Cuando hablamos de meditar, siempre pensamos en monjes budistas, personas iluminadas, que pueden pasar horas sentadas, con su mente en blanco, entrando en un trance casi que divino. Pero no, realmente la meditación es estar en el momento presente, lograr controlar tus pensamientos y emociones, sin irte al pasado o al futuro. No engancharte en ellos y dejarlos fluir, ¿Parece sencillo verdad? Pero es ese detalle es el que nos cuesta, soltar. También recuerda que no es que dejamos de planear las cosas o que nos vamos a olvidar de todo, es simplemente enfocarnos en lo que tenemos el control.

¿Dijiste algo que no debías y ya no lo puedes cambiar? Perdónate, acéptalo y suéltalo. O puede ser que enviaste un currículo a un puesto que deseas, ok, ya vos hiciste tu parte, no le des más vuelta, agradece porque si es para ti llega. Así que teniendo en cuenta que meditar es estar en el momento presente, casi que podemos meditar en nuestra vida diaria y varias veces al día. Si aún se te hace muy complicado tomarte un momento al día y realmente desconectarte de todo, puedes empezar a meditar a través de tareas cotidianas como cuando te bañas, caminas o comes.

¿Cómo empezar a meditar con tareas cotidianas?

Lo primero es que te preguntes cuantas veces eres realmente consiente de que tus pensamientos están en la tarea que estás haciendo.

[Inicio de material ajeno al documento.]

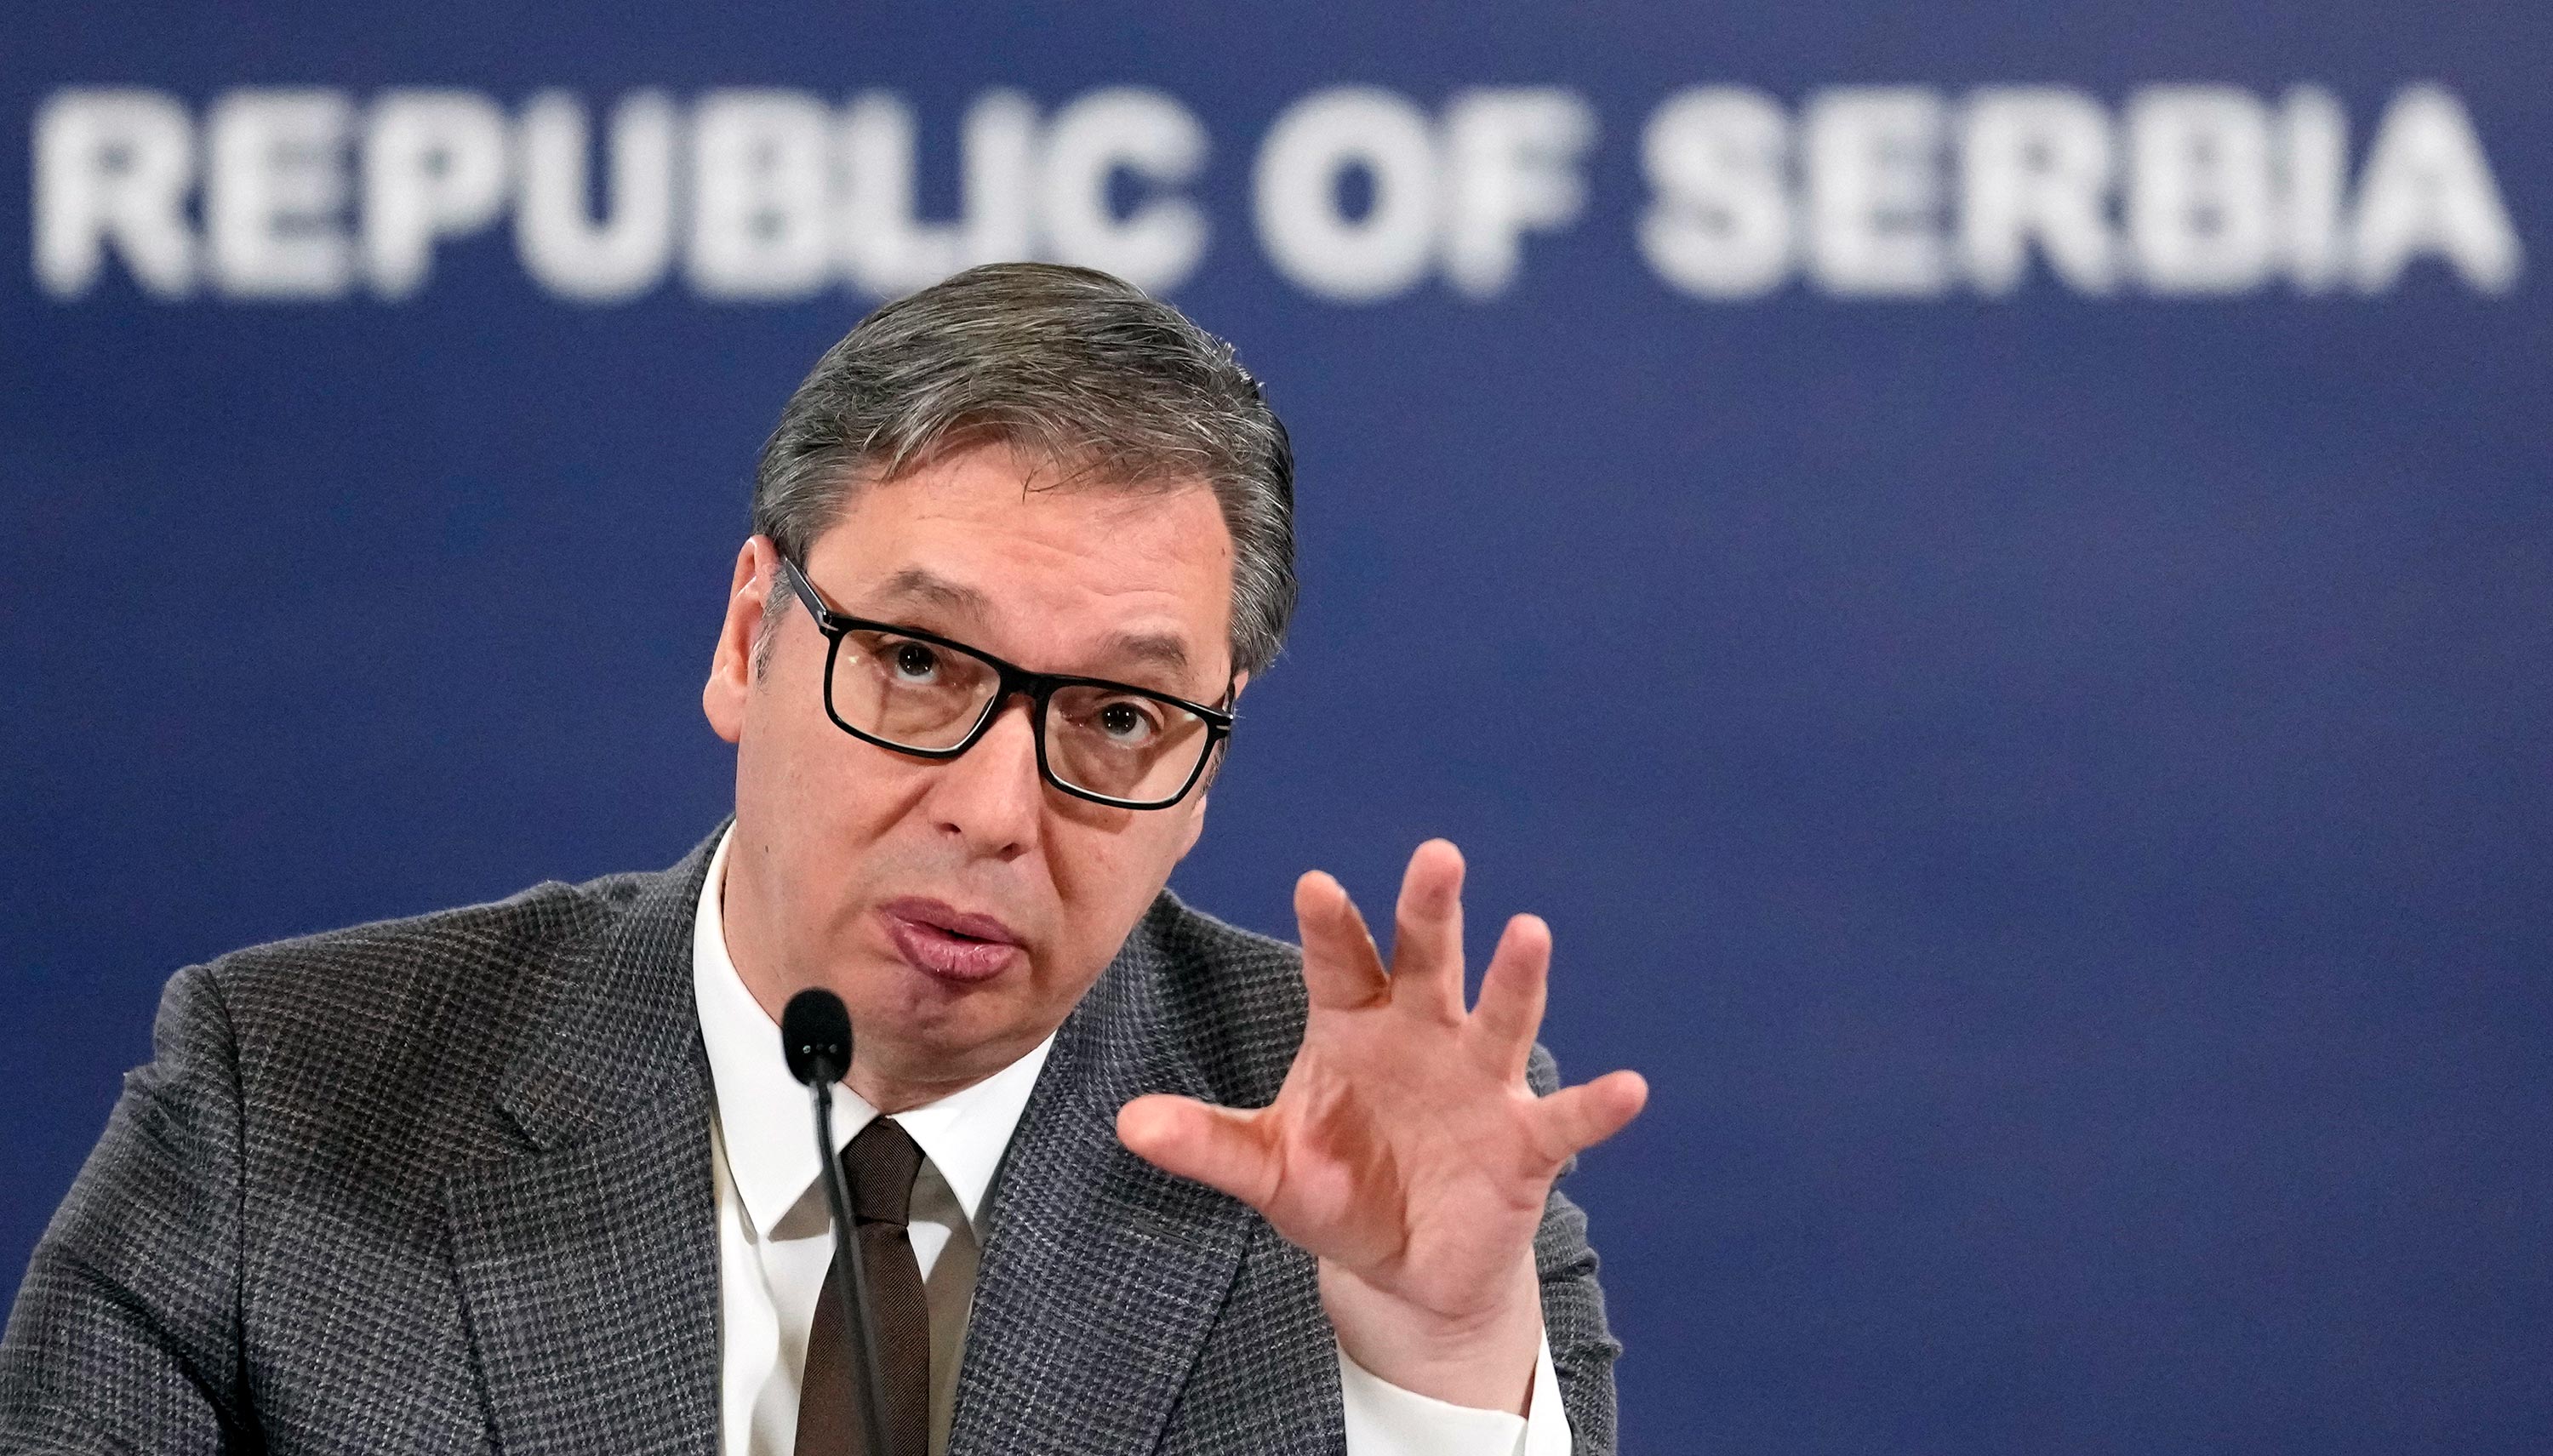 Srbija u vrijeme globalnih promjena: Može li Beograd zadržati neutralnost? Vučić tvrdi da je Srbija dobila ultimatum od "moćnih zapadnih zemalja"
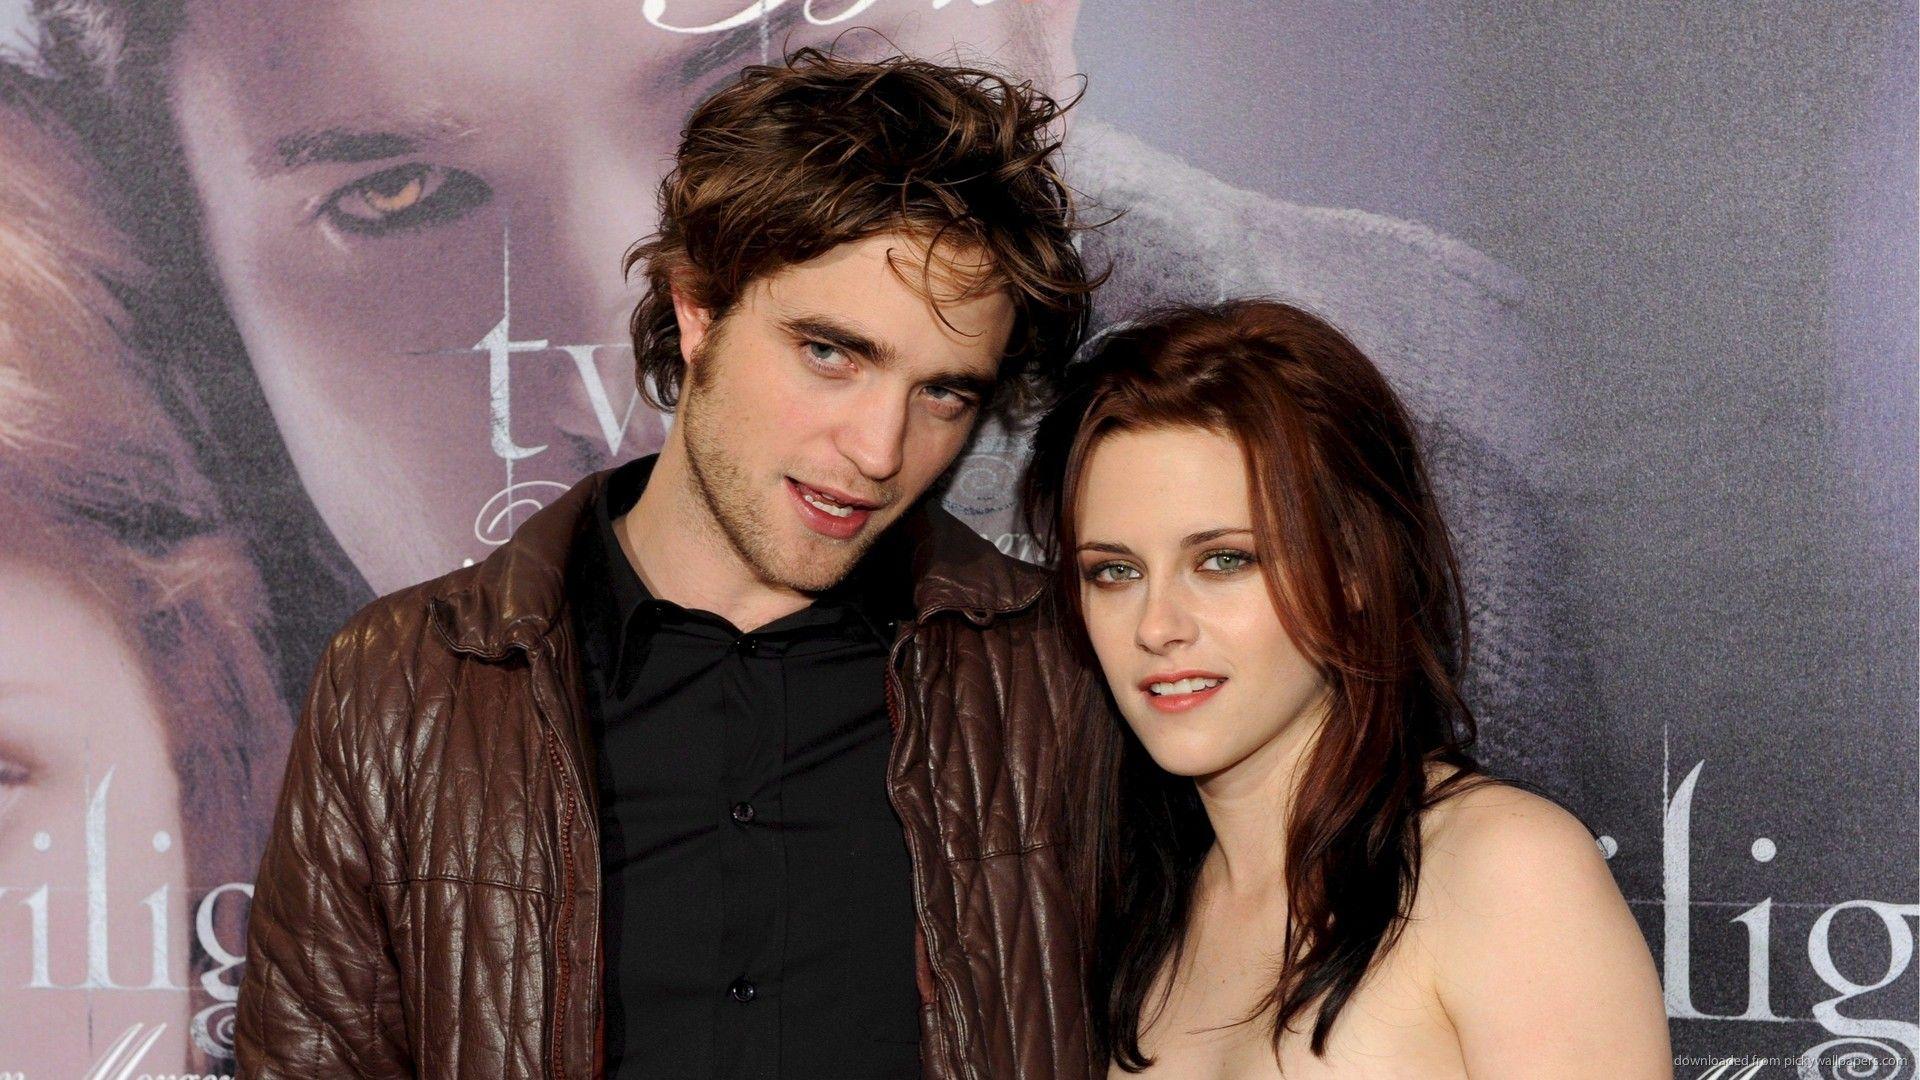 Cute Couple. Couples, Twilight saga and Saga

Estoy casi segura que muy pocas veces, cuando te bañas, piensas en que ya vas tarde, cuando comes, puede ser que pienses en que debes ir a entregar algún papel, cuando caminas, llegas en automático al lugar de destino, entonces para empezar a meditar y que no sea un cambio brusco podemos empezar con estas pequeñas tareas.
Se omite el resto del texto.